I like it. You will need a chip cover. I have the tray made by Edge Technologies and it would fill up with chips all the time. Finally got tired of it and put a clear lexan cover over it with a set of hinges to flip open.


----------



## C-Bag (Sep 13, 2021)

Nice job. Just out of curiosity, can you get the caliper out of its pocket pretty easy? My fat fingers, especially with oil and schmootz have a hard time with some things.


----------



## Ken226 (Sep 13, 2021)

woodchucker said:


> nah, let the chips fall where they may
> 
> nice.
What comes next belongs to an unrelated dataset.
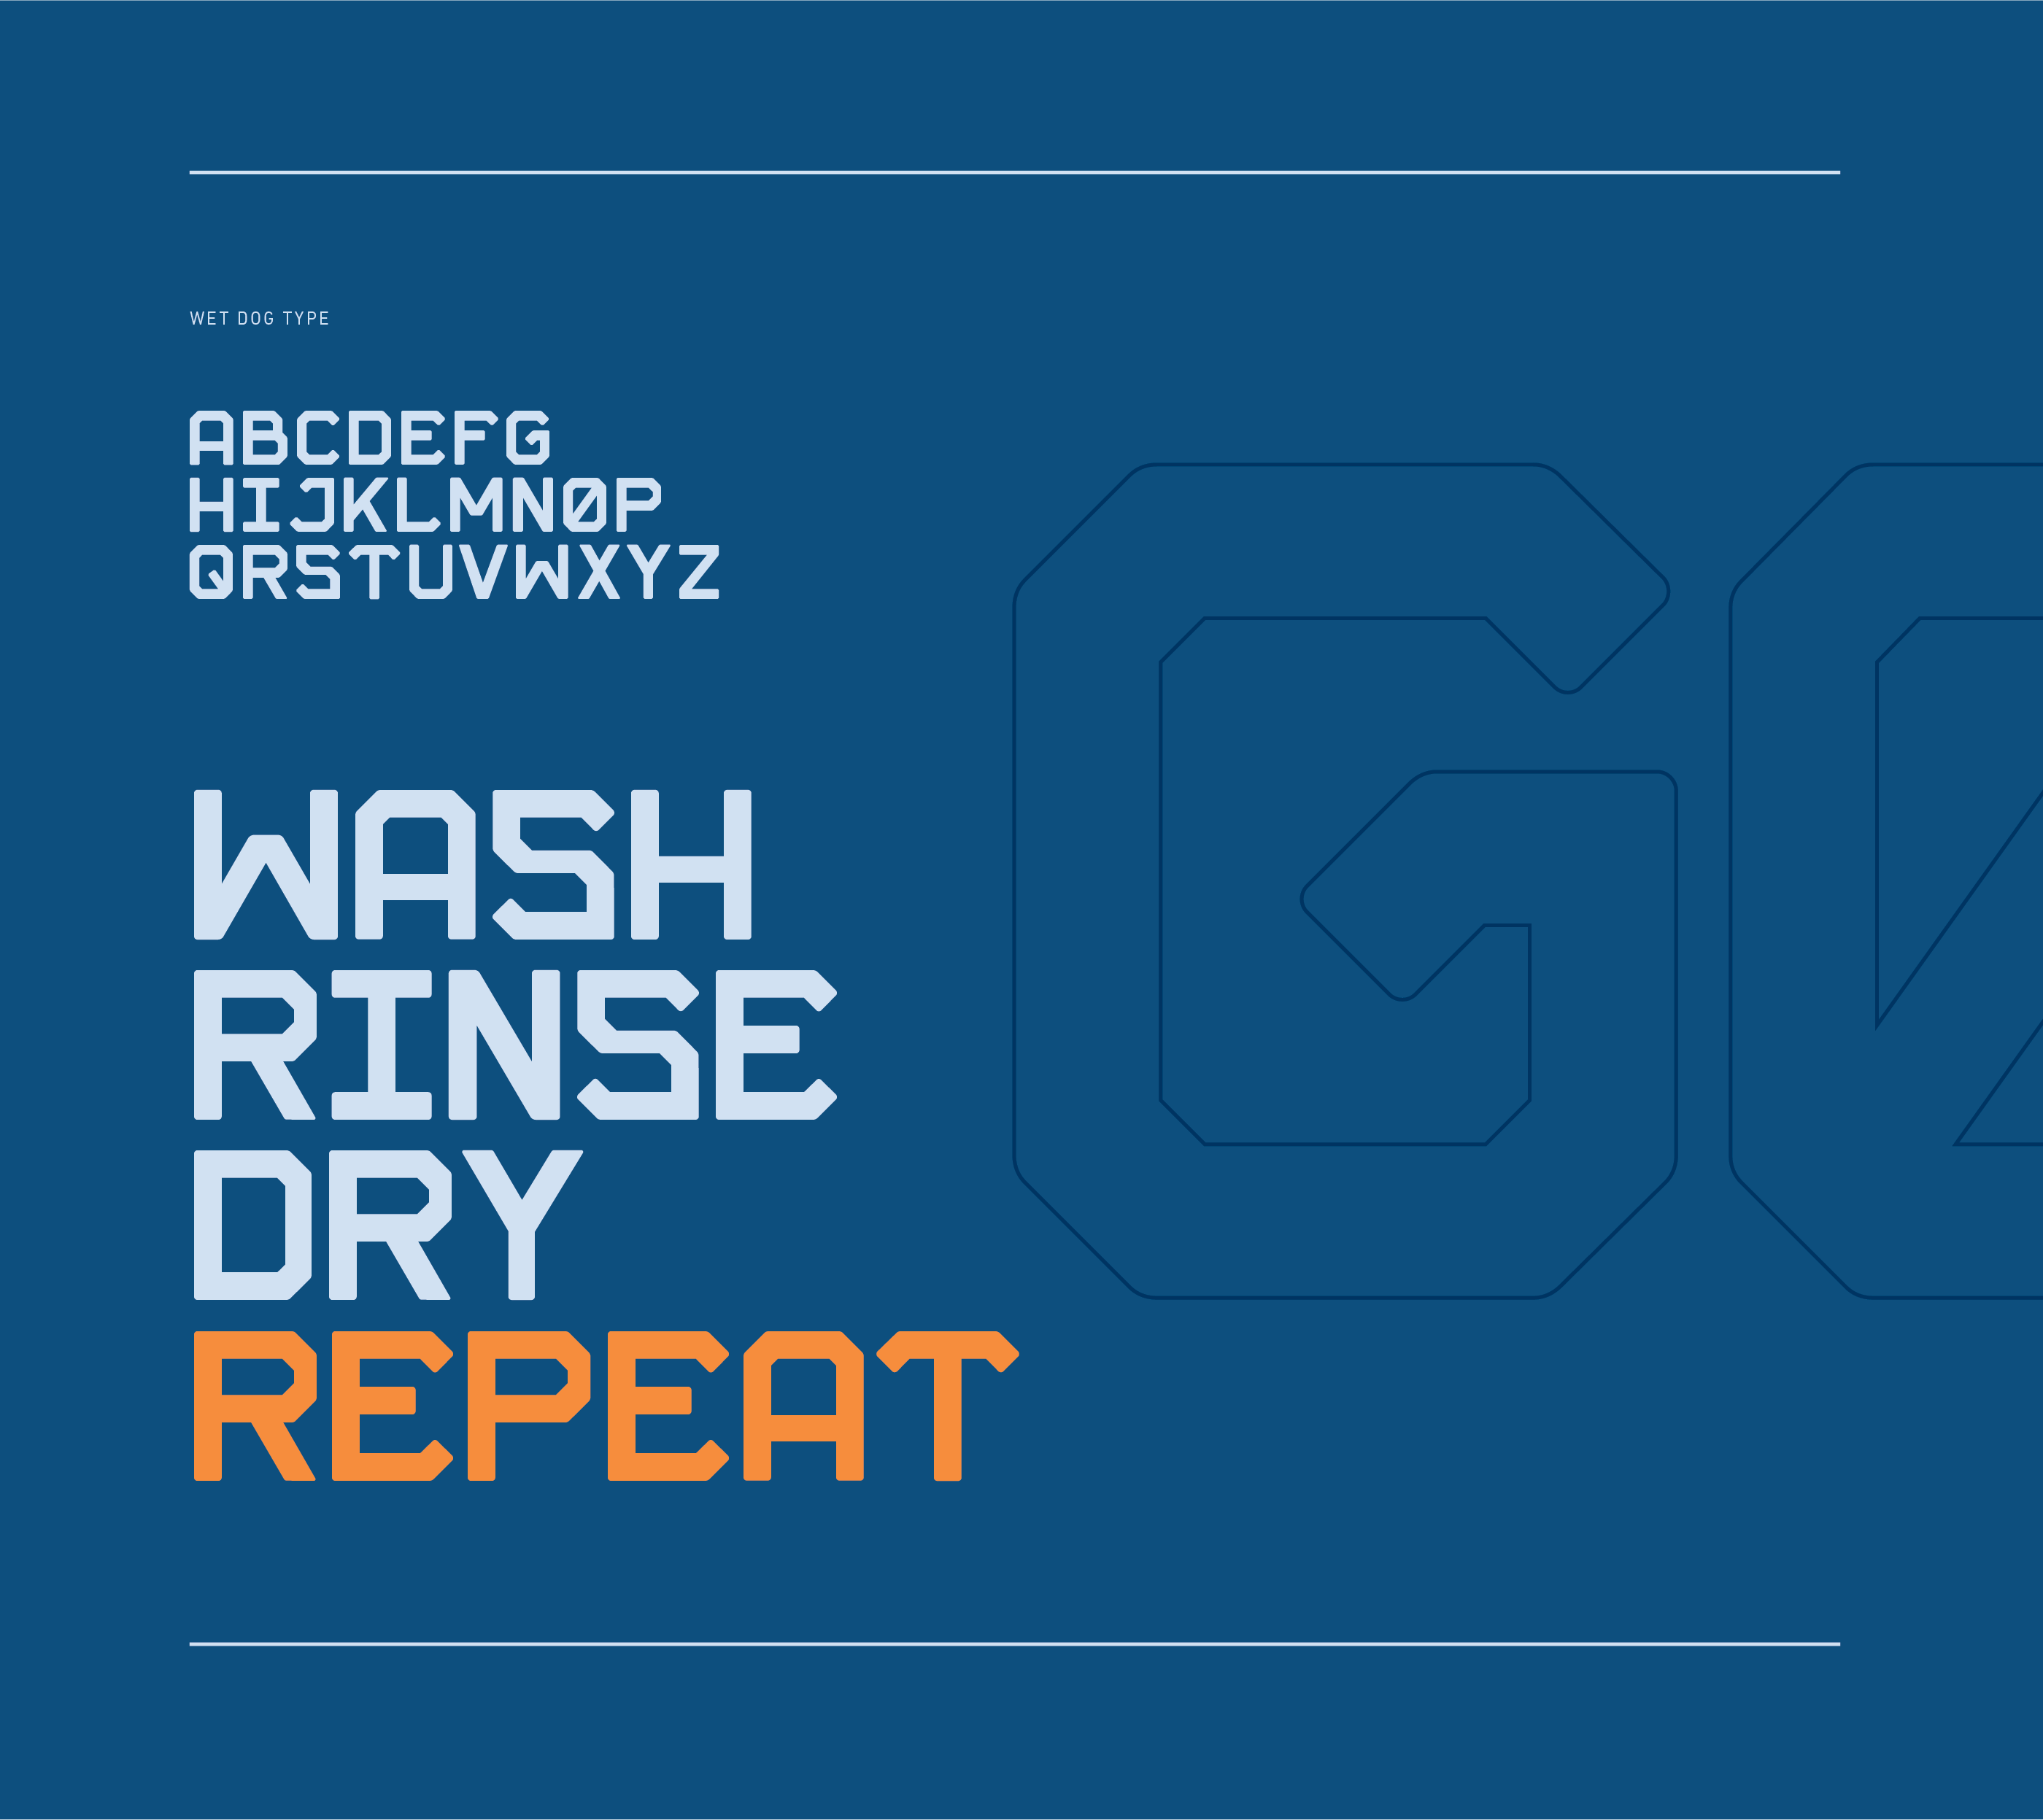 WetDog_Behance_Typeface-04

I like the rod holders (scallops in the side) .. but what kind of rods will they hold?



Those are just in case I need to set something too long to fit inside, like a long drill or screwdriver.   To keep the overhanging end from rolling down.




C-Bag said:


> Nice job. Just out of curiosity, can you get the caliper out of its pocket pretty easy? My fat fingers, especially with oil and schmootz have a hard time with some things.



Yes.  There's about 3/4" of space at the tail of the caliper, easy to get a fingertip under.  Also, the space above/right of the plastic caliper body allows easy access to lift it out.

I'll upload the .stl and .ipt files to thingiverse later today,  in case anyone wants to print one, or modify the design to their own specs.

The right side version is already up,  but isn't designed to fit a caliper.  Just drills, end mills, collets, etc.     I'll sketch up some lids to fit them later.








						Mill Table Parts Tray,  w Table stop clearance, Right Side by Ken226
					

This is an 8.5" x 4" parts tray for milling machine tables.  Attaches to the front T slot via 2 3/8-16 socket head cap screws.  Print with your choice of materials, using supports for the screw holes. This is the Right Side version, with clearance to allow it to pass in front of the x+ table stop.




					www.thingiverse.com


----------



## Ken226 (Sep 14, 2021)




----------



## Brento (Sep 14, 2021)

That is neat. I want to come up with a Tslot cover. I gate cleaning those out. Part of me is thinking of some plastic and epoxy a few magnets in the bottom. That will prob be my next project.


----------



## Ken226 (Sep 14, 2021)

Brento said:


> That is neat. I want to come up with a Tslot cover. I gate cleaning those out. Part of me is thinking of some plastic and epoxy a few magnets in the bottom. That will prob be my next project.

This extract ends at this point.